Judge of the Supreme Court of Appeal
- In office 1 January 2003 – 2019
- Appointed by: Thabo Mbeki

Judge of the High Court
- In office 1 November 1999 – 31 December 2002
- Appointed by: Thabo Mbeki
- Division: Transvaal Provincial Division

Personal details
- Born: Carole Hélène Dyzenhaus 26 October 1953 (age 72) Johannesburg, South Africa
- Spouse: Stephen Lewis
- Alma mater: Witwatersrand University

= Carole Lewis =

South African judge

Carole Hélène Lewis (born 26 October 1953) is a South African retired judge and legal academic. She served in the Supreme Court of Appeal from 2003 until her retirement in 2019. Before that, she was a judge of the Transvaal Provincial Division. Until her appointment to the bench in November 1999, she was a professor at the University of the Witwatersrand, where she was dean of the School of Law from 1993 to 1998.

== Early life and academic career ==
Lewis was born on 26 October 1953 in Johannesburg in the former Transvaal Province. She matriculated at the Hyde Park High School in Hyde Park, Johannesburg. Thereafter she attended the University of the Witwatersrand (Wits), where she completed a BA in law and Latin in 1973 and an LLB cum laude in 1975. During the final year of her degree, she received the Society of Advocates Prize for winning the moot competition.

After serving her articles of clerkship, Lewis was admitted as an attorney in 1978, but she joined the Wits School of Law as a lecturer later that year. She worked there for the next 20 years, during which time she completed her LLM cum laude at the same university in 1985. She was appointed as an associate professor in 1987, promoted to full professor in 1988, and served as dean of the Faculty of Law between 1993 and 1998. As an academic, she specialised in private law, especially contract law.
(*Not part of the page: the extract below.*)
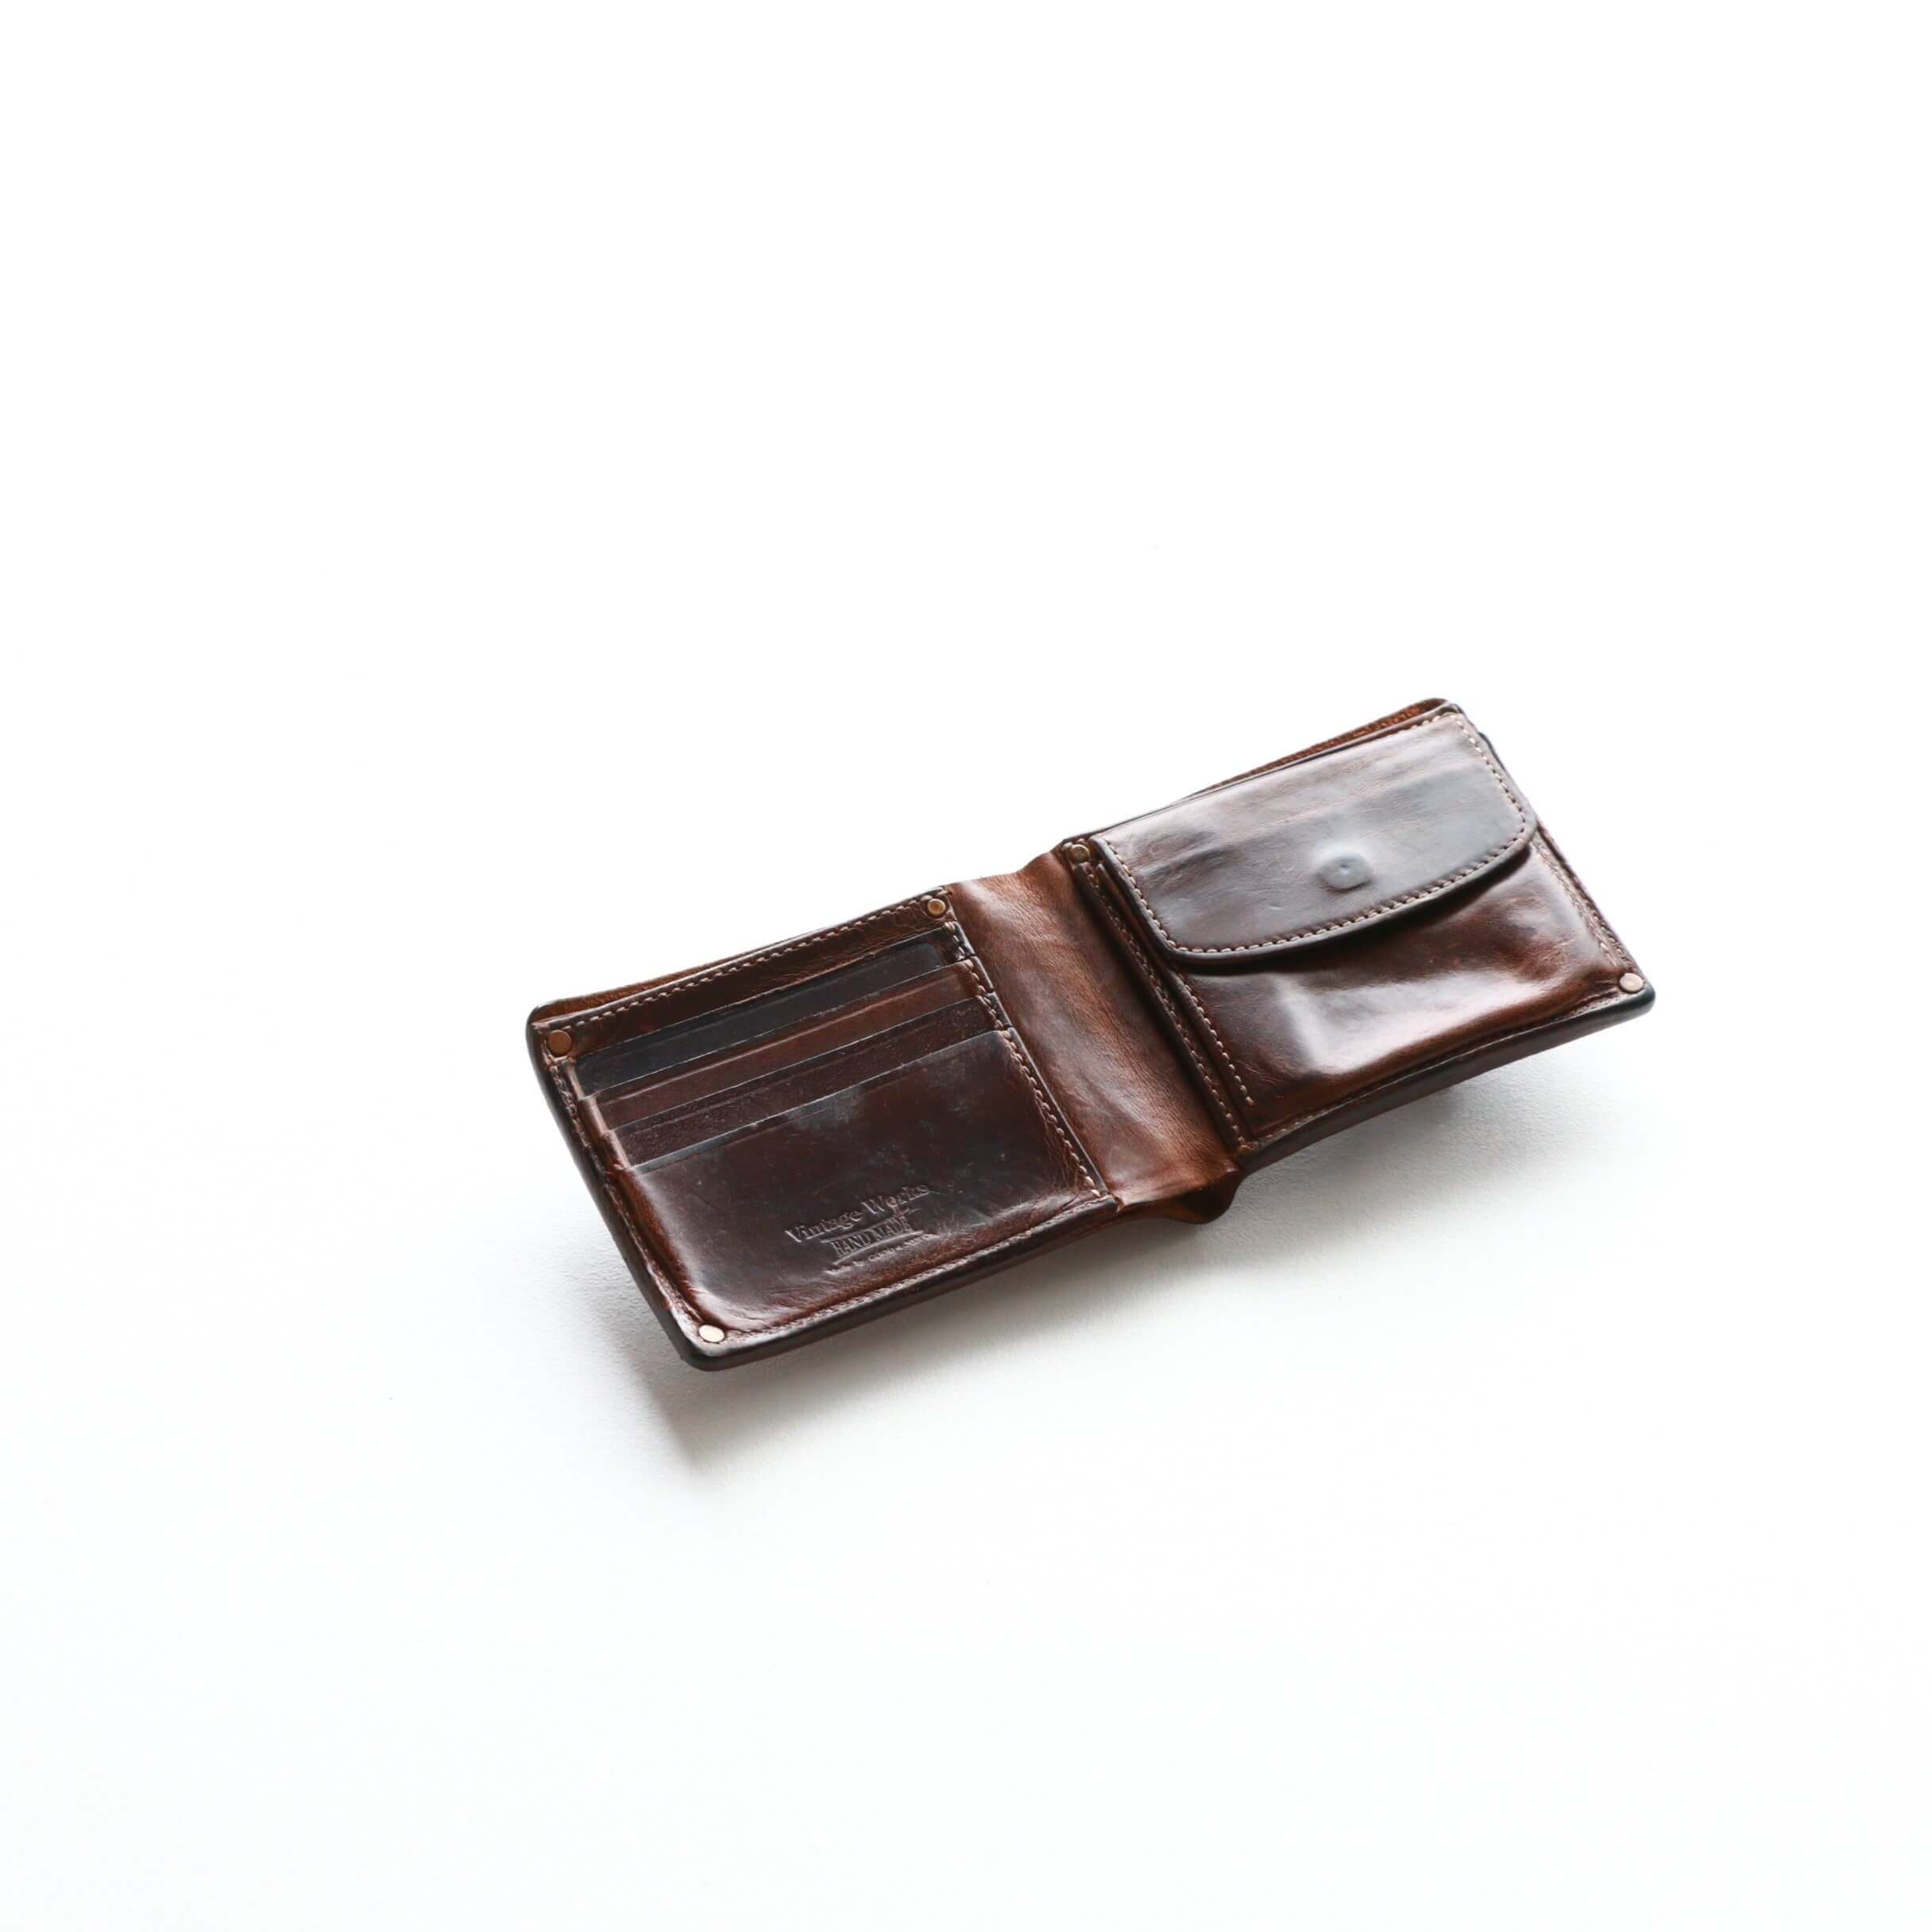 Vintage Works ヴィンテージワークス Leather Wallet クロムエクセルウォレット OIL.NAT

In addition to her academic work, she was the editor-in-chief of the Annual Survey of SA Law from 1992 to 1999 and general editor of the South African Law Journal in 2000. She served as a legal advisor to the Democratic Party during the negotiations to end apartheid and, after the 1994 general election, the post-apartheid Minister of Water Affairs, Kader Asmal, appointed her as an advisor on water law reform. She was also an acting judge in the High Court of South Africa in 1998 and 1999.

== Judicial career: 1999–2019 ==
Lewis joined the bench permanently on 1 November 1999 as a judge of the Transvaal Provincial Division of the High Court. She served there for three years, during which time she was an acting judge in the Supreme Court of Appeal in 2002.

In November 2002, President Thabo Mbeki announced that he would elevate her permanently to the Supreme Court of Appeal; she joined the bench on 1 January 2003, alongside her Transvaal Division colleague Tom Cloete. She was the second woman to be appointed to the appellate court, after Leonora van den Heever. Notable judgments written by Lewis included Ikea Trading und Design v BOE Bank and the judgment that was overturned by the Constitutional Court in S v Thebus.

== Retirement ==
Lewis retired in 2019. In May 2023, Stellenbosch University appointed her to chair an inquiry into allegations of nepotism by the university's vice-chancellor, Wim de Villiers.

== Personal life ==
She is married to Stephen Lewis and has two children. She joined the Black Sash as a teenager in 1970 and joined Lawyers for Human Rights shortly after it was formed in 1979.